**Provided material:**
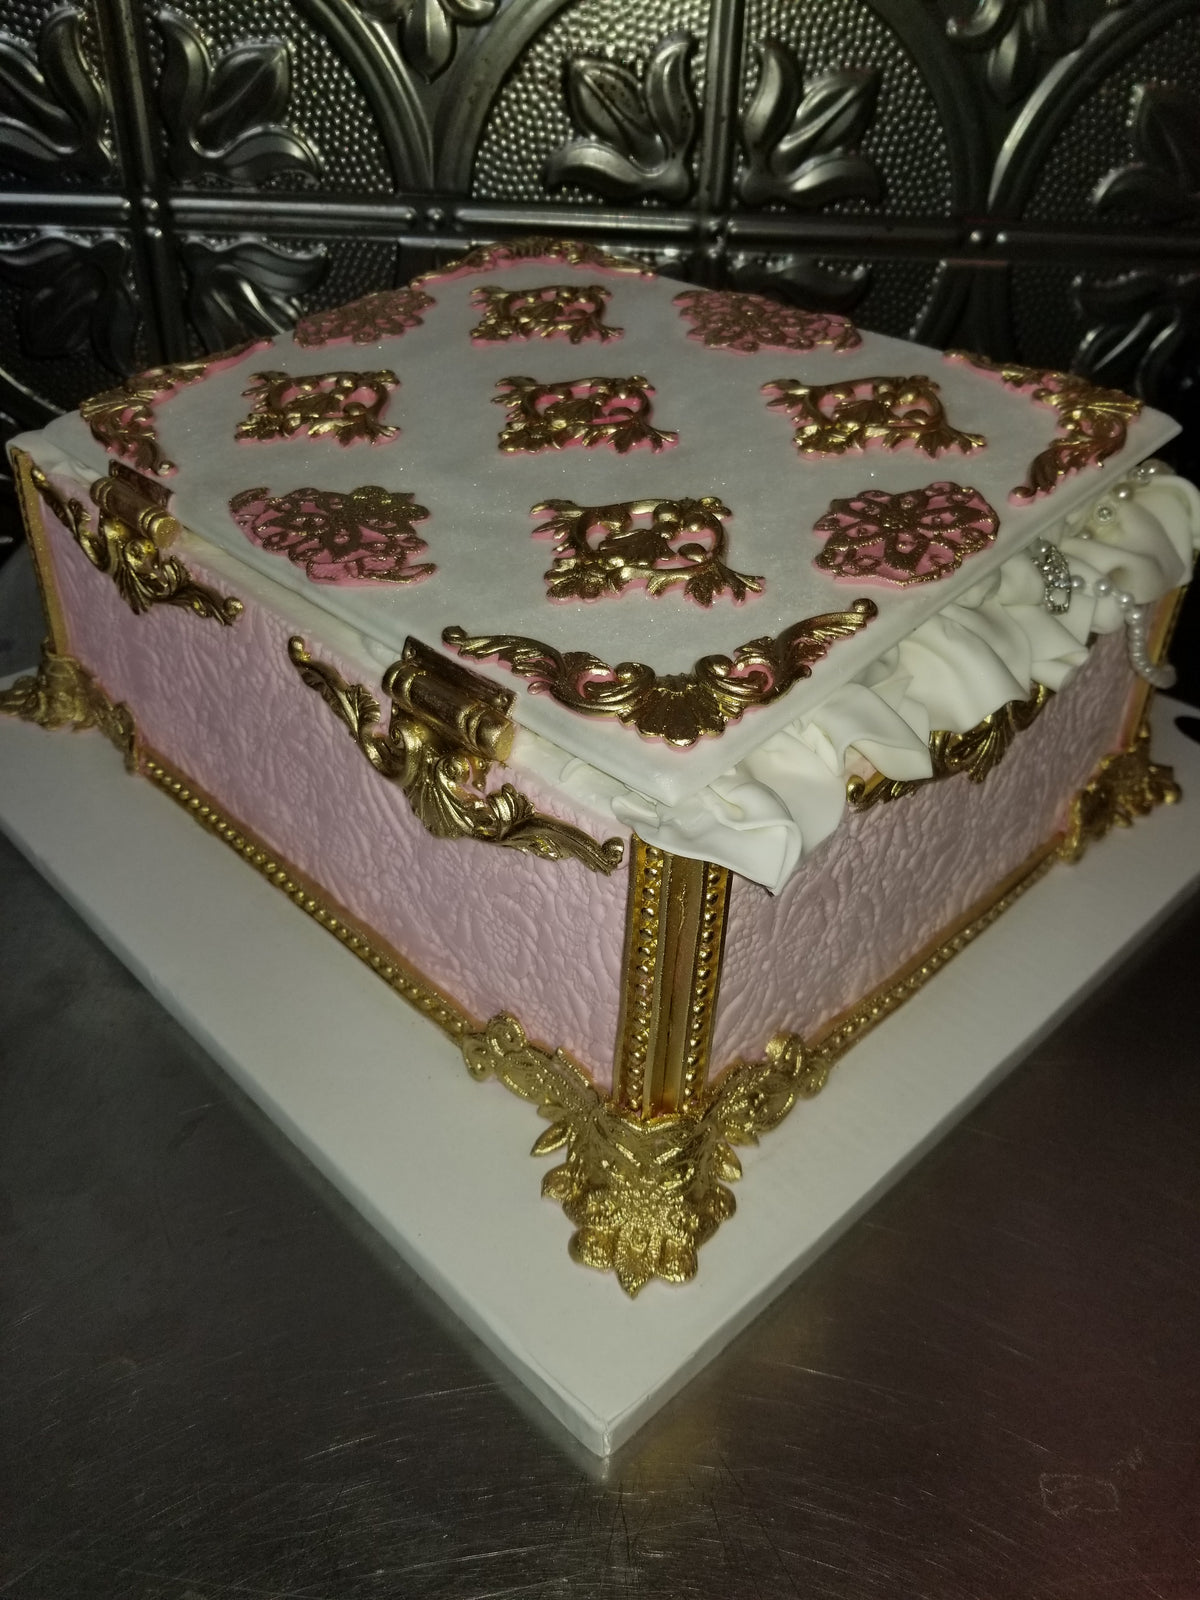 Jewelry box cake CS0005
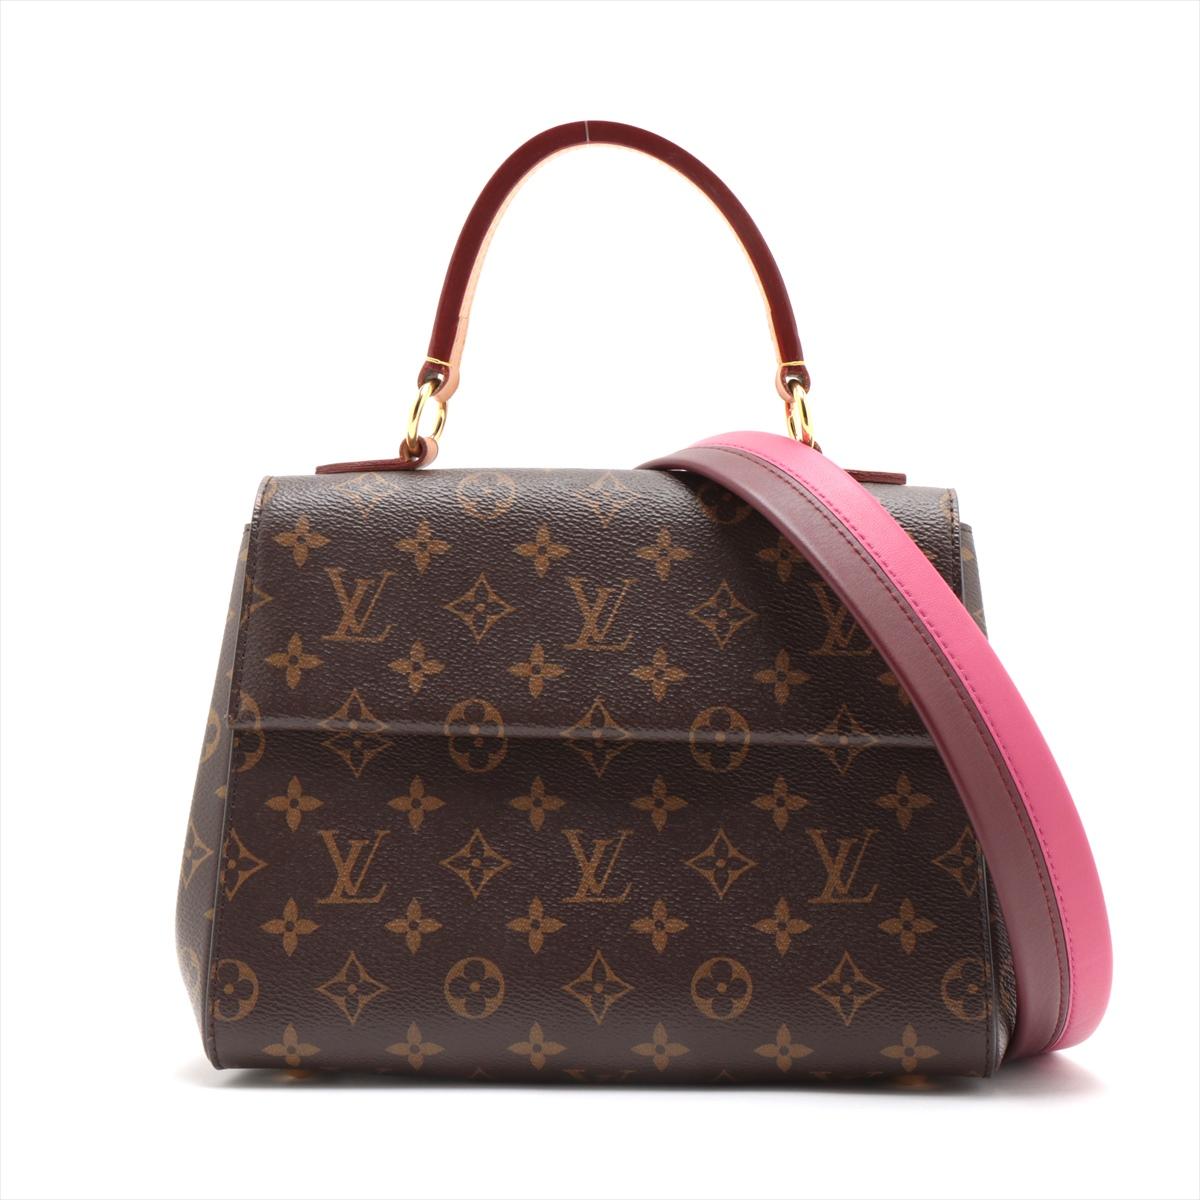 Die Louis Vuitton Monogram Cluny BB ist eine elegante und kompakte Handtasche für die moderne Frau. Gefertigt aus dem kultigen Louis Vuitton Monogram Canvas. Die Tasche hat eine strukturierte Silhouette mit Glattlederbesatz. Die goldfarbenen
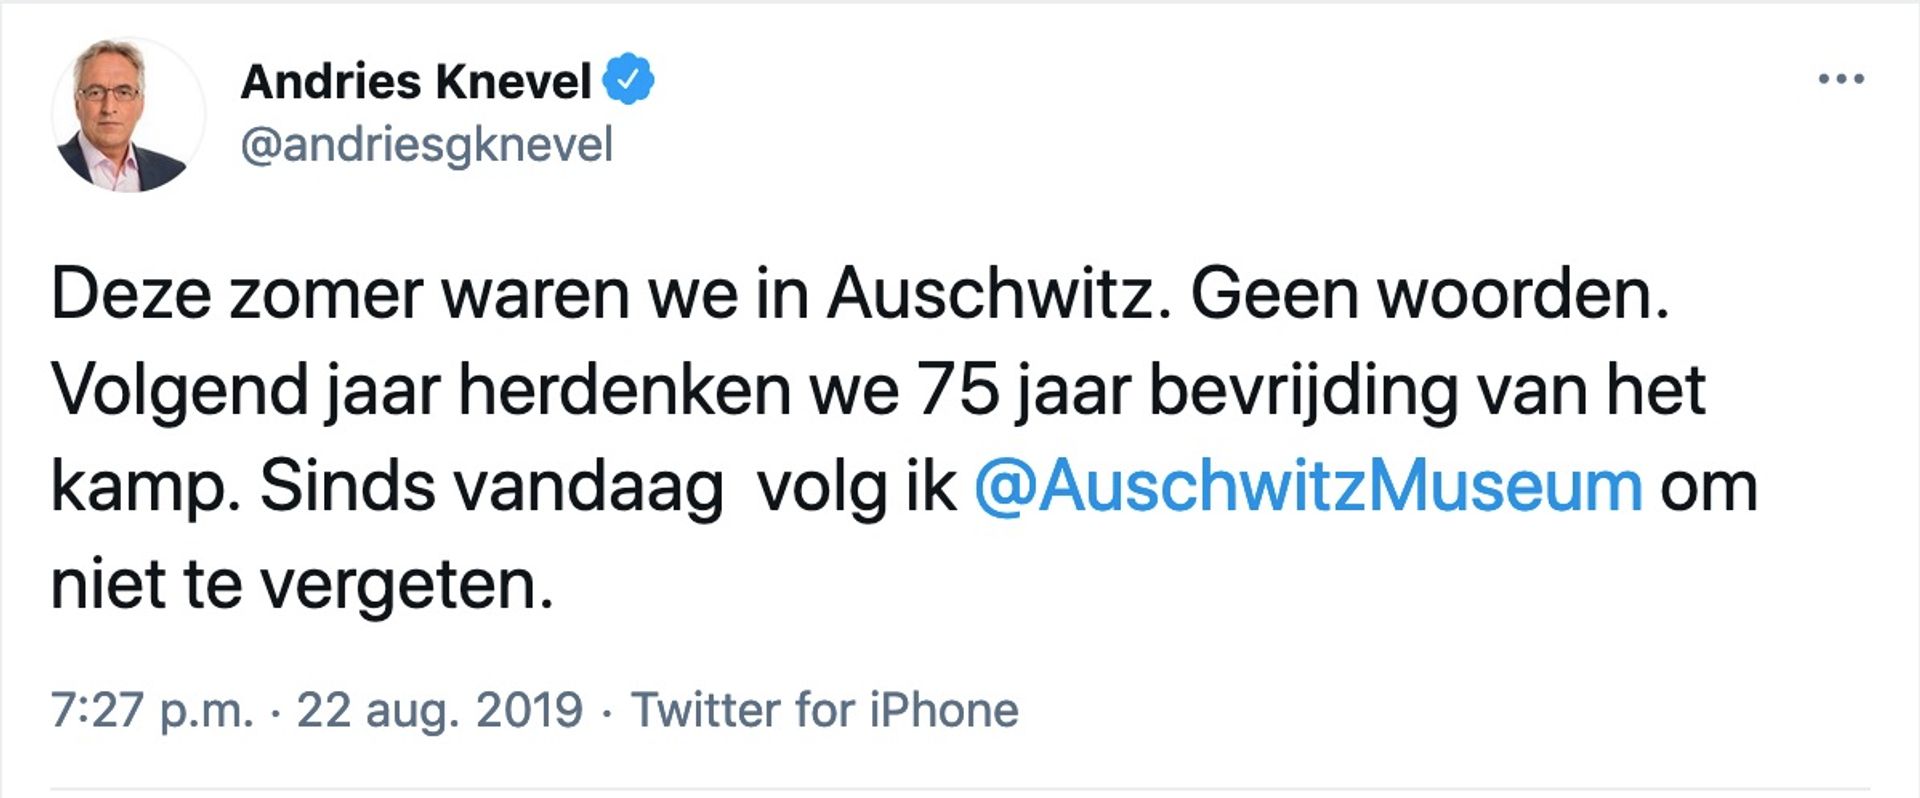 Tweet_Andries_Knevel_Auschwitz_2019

**Required action:**
Set out the material once more, exact in every line, with no images.

**Answer below:**
 Jewelry box cake CS0005
 Die Louis Vuitton Monogram Cluny BB ist eine elegante und kompakte Handtasche für die moderne Frau. Gefertigt aus dem kultigen Louis Vuitton Monogram Canvas. Die Tasche hat eine strukturierte Silhouette mit Glattlederbesatz. Die goldfarbenen
 Tweet_Andries_Knevel_Auschwitz_2019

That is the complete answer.